WORK ITEM: In the entries below, find the line with "Tchia – snímek" and print exactly every line from there up to and including the line with "Piste Hot Wheels", with no other lines.

Collection entries
◆ ◆ ◆ ◆ ◆ ◆ ◆

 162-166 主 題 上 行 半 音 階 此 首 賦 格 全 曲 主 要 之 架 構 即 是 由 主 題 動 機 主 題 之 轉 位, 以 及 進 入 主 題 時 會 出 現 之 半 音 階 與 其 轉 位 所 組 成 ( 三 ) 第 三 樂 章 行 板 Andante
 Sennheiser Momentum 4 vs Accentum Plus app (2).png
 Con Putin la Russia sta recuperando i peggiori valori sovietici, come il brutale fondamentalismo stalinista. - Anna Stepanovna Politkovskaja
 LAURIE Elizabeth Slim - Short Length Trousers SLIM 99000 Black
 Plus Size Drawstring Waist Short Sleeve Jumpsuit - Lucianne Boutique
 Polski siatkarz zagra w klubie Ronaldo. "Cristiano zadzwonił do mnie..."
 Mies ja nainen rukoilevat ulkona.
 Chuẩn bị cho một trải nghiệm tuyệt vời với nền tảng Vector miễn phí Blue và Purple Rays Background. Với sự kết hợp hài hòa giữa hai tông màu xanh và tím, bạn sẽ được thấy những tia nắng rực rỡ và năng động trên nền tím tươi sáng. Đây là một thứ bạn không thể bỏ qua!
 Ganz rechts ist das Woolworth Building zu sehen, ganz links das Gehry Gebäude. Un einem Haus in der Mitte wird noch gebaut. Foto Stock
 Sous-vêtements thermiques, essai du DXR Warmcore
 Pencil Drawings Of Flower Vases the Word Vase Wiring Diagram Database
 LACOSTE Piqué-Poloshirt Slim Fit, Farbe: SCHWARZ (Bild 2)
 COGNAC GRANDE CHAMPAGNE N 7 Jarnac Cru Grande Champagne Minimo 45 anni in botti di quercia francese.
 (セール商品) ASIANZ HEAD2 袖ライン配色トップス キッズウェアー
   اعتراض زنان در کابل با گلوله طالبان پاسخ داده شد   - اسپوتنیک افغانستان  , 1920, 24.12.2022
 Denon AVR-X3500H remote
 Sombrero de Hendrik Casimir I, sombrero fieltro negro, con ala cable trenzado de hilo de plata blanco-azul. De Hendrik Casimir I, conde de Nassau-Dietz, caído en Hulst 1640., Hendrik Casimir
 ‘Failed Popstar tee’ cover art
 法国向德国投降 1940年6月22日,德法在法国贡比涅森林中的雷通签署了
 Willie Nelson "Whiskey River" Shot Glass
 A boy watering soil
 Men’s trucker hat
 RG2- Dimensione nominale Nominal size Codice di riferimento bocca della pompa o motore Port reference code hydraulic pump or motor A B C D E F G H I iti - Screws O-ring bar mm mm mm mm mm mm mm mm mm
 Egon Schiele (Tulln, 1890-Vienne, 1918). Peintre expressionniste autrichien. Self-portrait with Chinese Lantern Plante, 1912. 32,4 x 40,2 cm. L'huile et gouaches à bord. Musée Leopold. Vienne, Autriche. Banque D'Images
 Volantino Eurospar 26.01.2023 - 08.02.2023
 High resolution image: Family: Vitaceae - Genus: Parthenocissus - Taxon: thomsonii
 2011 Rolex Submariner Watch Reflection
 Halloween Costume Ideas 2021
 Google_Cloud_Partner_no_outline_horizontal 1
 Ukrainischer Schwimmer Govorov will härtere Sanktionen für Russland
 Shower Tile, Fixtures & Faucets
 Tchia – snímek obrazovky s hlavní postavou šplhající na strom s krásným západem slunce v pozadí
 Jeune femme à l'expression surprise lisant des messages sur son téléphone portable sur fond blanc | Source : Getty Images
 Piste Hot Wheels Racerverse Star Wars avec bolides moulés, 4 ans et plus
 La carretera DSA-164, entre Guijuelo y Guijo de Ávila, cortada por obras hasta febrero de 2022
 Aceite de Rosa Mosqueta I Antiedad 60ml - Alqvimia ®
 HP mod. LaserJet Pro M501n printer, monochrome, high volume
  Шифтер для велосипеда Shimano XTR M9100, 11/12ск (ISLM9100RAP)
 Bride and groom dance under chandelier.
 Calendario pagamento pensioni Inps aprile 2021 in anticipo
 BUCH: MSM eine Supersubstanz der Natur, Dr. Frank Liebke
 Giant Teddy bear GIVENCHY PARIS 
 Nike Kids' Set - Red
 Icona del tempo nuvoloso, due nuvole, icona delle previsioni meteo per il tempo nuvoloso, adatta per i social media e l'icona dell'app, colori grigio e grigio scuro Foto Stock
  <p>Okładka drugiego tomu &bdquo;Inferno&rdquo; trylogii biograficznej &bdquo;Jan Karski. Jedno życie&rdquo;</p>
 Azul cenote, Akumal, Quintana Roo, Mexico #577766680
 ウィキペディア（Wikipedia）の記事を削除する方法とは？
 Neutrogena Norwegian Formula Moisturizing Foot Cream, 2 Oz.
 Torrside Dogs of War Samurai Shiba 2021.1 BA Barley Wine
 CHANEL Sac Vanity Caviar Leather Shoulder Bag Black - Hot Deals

◆ ◆ ◆ ◆ ◆ ◆ ◆

YOUR RESPONSE:
 Tchia – snímek obrazovky s hlavní postavou šplhající na strom s krásným západem slunce v pozadí
 Jeune femme à l'expression surprise lisant des messages sur son téléphone portable sur fond blanc | Source : Getty Images
 Piste Hot Wheels Racerverse Star Wars avec bolides moulés, 4 ans et plus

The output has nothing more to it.